I got two made for me by Southerntrails (a member here). Love them. Kevin will work with you on design and price. Western Saddles, Trail Saddles, Barrel Saddle, Ranch Saddle


----------



## Saddlebag (Jan 17, 2011)

There are many good used saddles on various web sites. Try tacktraders. You can narrow down your search by brand name.


----------



## SaddleOnline (Oct 20, 2011)

The more you look around the better! Try to ride in a couple different styles to see what you like, and don't forget to google  
Don't get stuck just looking at trail saddles, a lot of barrel racing saddles are really comfortable for long hours in the saddle because of the deeper seat and the angle of the swell. 

Happy Hunting!


----------



## its lbs not miles (Sep 1, 2011)

Depends on what you call a fortune. With the exception of a treeless saddle I use only for training (teaching them to accept a saddle and get use being saddled and the extra weight on their back while under 4 yo) I have my saddles made to my horses measurements.
Also take into account how much you ride. If you only ride a few miles a week then a saddle that is close to the correct size (gullet, bar width and length) for your horse should be ok. Just make sure it's never to narrow. A little wide you can pad up, but narrow is only going to give your horse a sore back and likely end up not wanting to be saddled or ridden.
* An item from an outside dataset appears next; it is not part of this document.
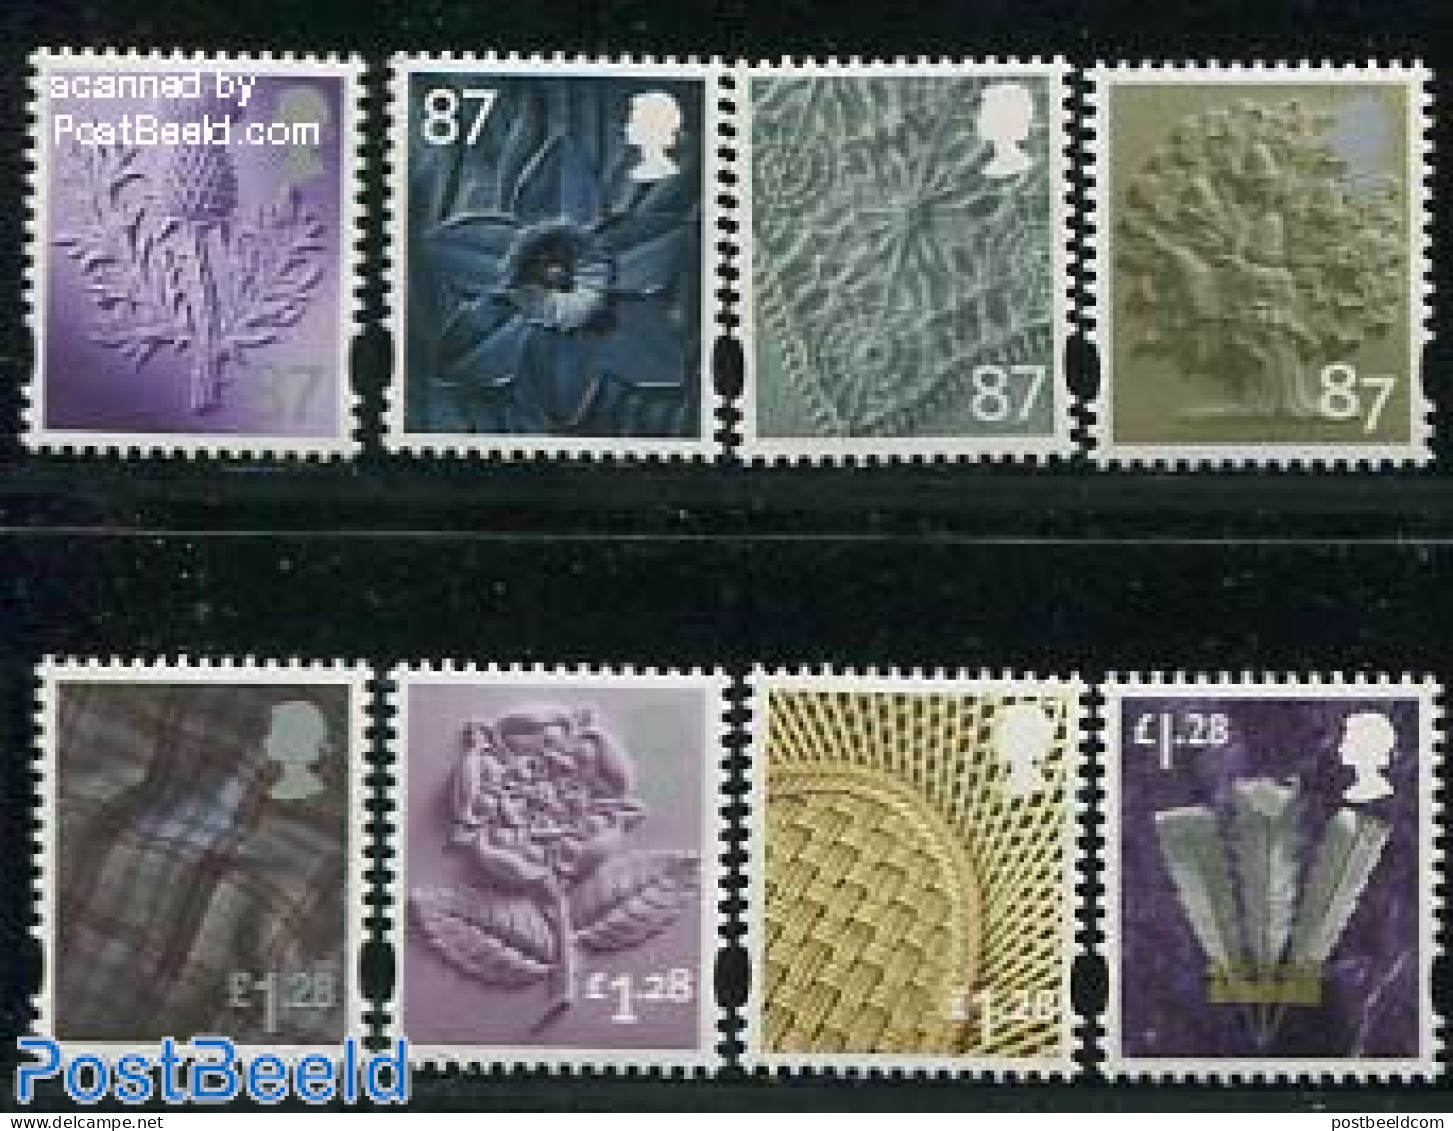 Great Britain 2012 Regional Stamps 8v, Mint NH - Neufs

That being said, I'm may not be the best person to recommend saddles, because I look at saddles for usually riding over 25 miles a day on multiple days. That's why I have them made. For me a $750 - $1,000 custom made Trooper is reasonable. My horse won't have down time recovering from a sore back after riding 100 miles and it will outlast the horse, so figure I get my money's worth out of it.

But....if you do a lot of riding, I recommend a Trooper that fits your horse. Allows better airflow along the back than other saddle styles. The seat is slightly suspended above the back so never any pressure on the spine. Weight is well displaced over a wide area along the back. Some makers still use bronze or brass for the pommel and cantle portion of the frame which attaches to the wood bars. That allows them to adjust the size if needed (horses backs can change over time) providing they offer that service (they might not).


----------



## mildot (Oct 18, 2011)

Take a look at the trail riding models made by Duett Sattlerei


----------



## iridehorses (Oct 22, 2007)

Duett is strictly English.


----------



## mildot (Oct 18, 2011)

iridehorses said:


> Duett is strictly English.


Trail saddle does not equal western saddle exclusively

When I trail ride I do so on a Wintec 250 AP. Works just fine for up to two hours (longest I've been out) at w/t/c on fields, flats, hills, and woods. Plenty of good cantle and pommel bags for them too.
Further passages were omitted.